There were a lot of stories about Ocean Terminal; that it would one day break off and become an island, or expand to smother the whole southerly tip of the New Territories; some said there were gangcults on the lower levels who traded in human cargo, and indeed the APRC would make vague but unspecific comments when the question of abductions came up; others said that the Panda salted the drinking water in there with chemicals that made you need less sleep, so you could work more. But the story that kept circulating on the screamsheets, the one that had recently risen to the surface and failed to fade away, was about Juno Qwan.

She kept her private life private, and in interviews Juno would often give a coy smile and ask people to respect her wishes. That did nothing to deter the armies of stringers and newsnets eager to fill vid-time and fax pages with every iota of data they could unearth about the pop star. The rumour was that Juno was a former Panda Girl, a termite chick spotted by a talento hunter from RedWhiteBlue during a shopping expedition. The young Qwan, bussing tables at a Burger Konig and singing in that crystal clear voice, had been plucked from obscurity and thrust into the global spotlight.

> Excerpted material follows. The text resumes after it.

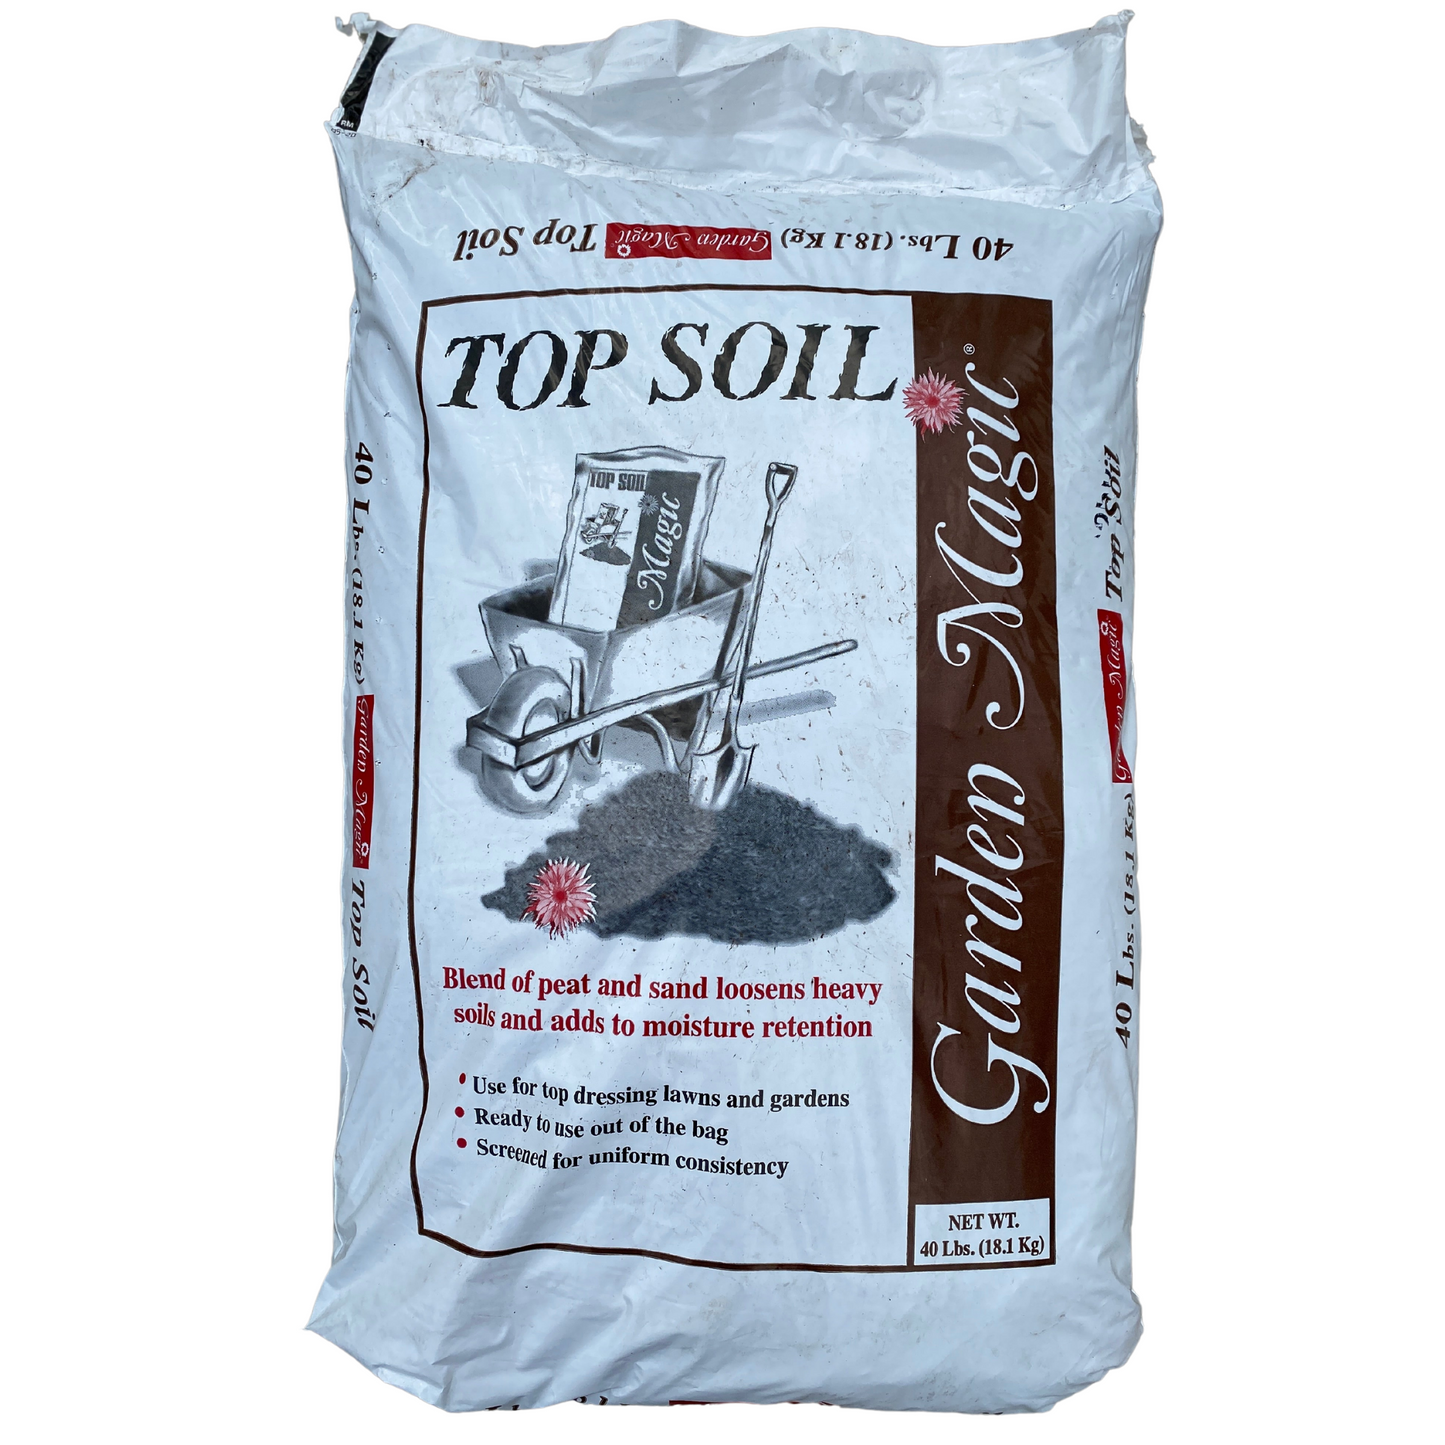 *10* Top Soil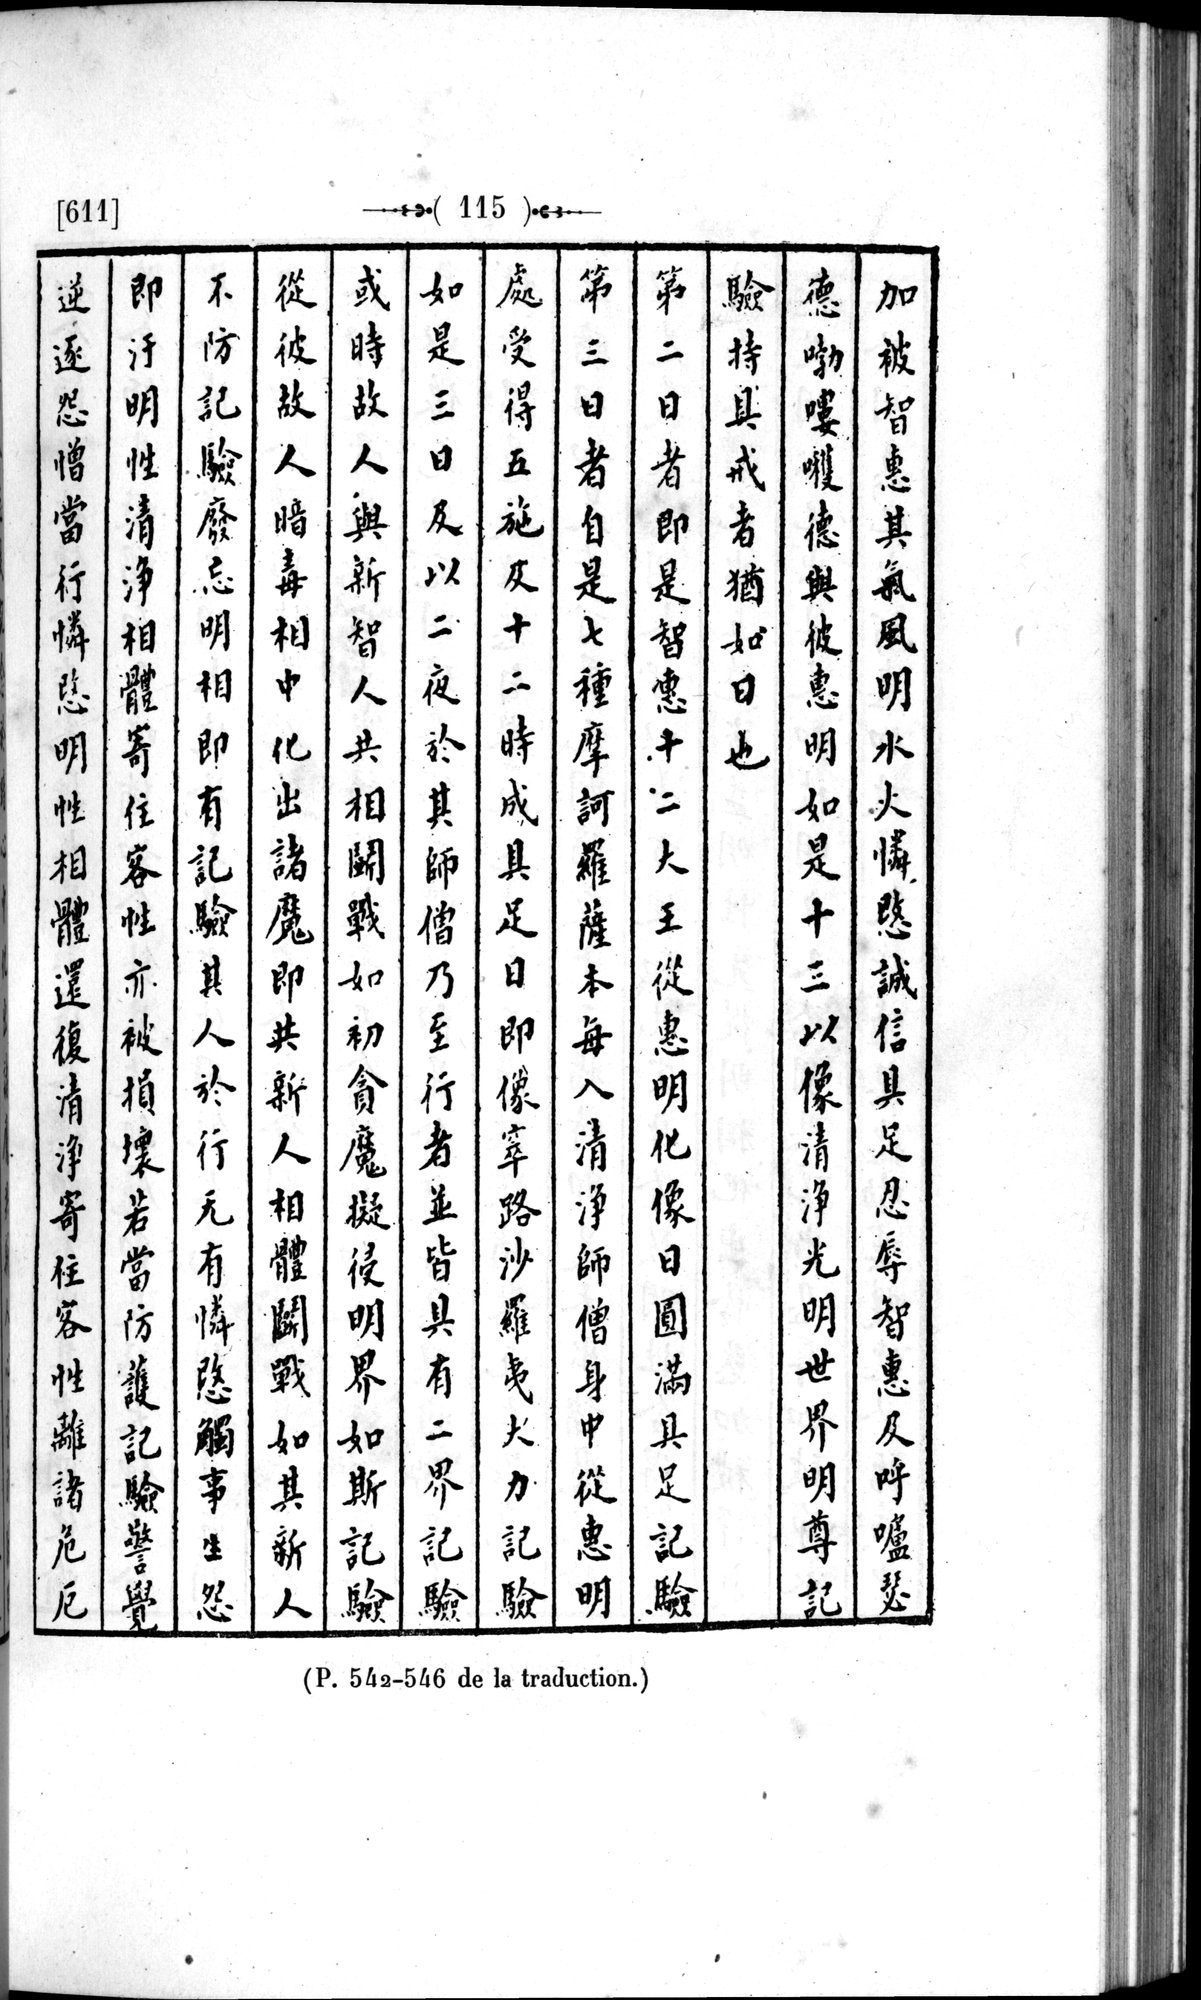 Un traité manichéen retrouvé en Chine : vol.1 / Page 125 (Grayscale High Resolution Image)

It made for great copy and it played big with the natives in Hong Kong, that whole “local girl does good” angle. The odd thing was, there were forty-three Burger Konig franchises within the mallplex, but none of the managers had ever admitted to having the pre-famous Juno on their waitstaff. Reporters who tried to track down the fast food joint she worked at got dissimilar answers, conflicting shots of different yellow and blue storefronts for their webcasts; and if you scratched the surface, dug a little deeper, it was hard to find anything about the girl before her explosive debut at the top of the charts. But then the termites were terrible that way, weren’t they? Not very talkative to outsiders, a bit slow. They trusted in the Panda, and like everyone else who cheered Juno’s limobus as it slid to a halt on Canton Road, they had short memories. They didn’t remember the other performers that had topped the charts two, three, four years ago. Lisle Yep; TriniTriniTrini; Cressida; the Lovely Angels. Musichips bearing the names of these idols didn’t even appear in the bargain bins anymore; they’d been crushed and used for landfill.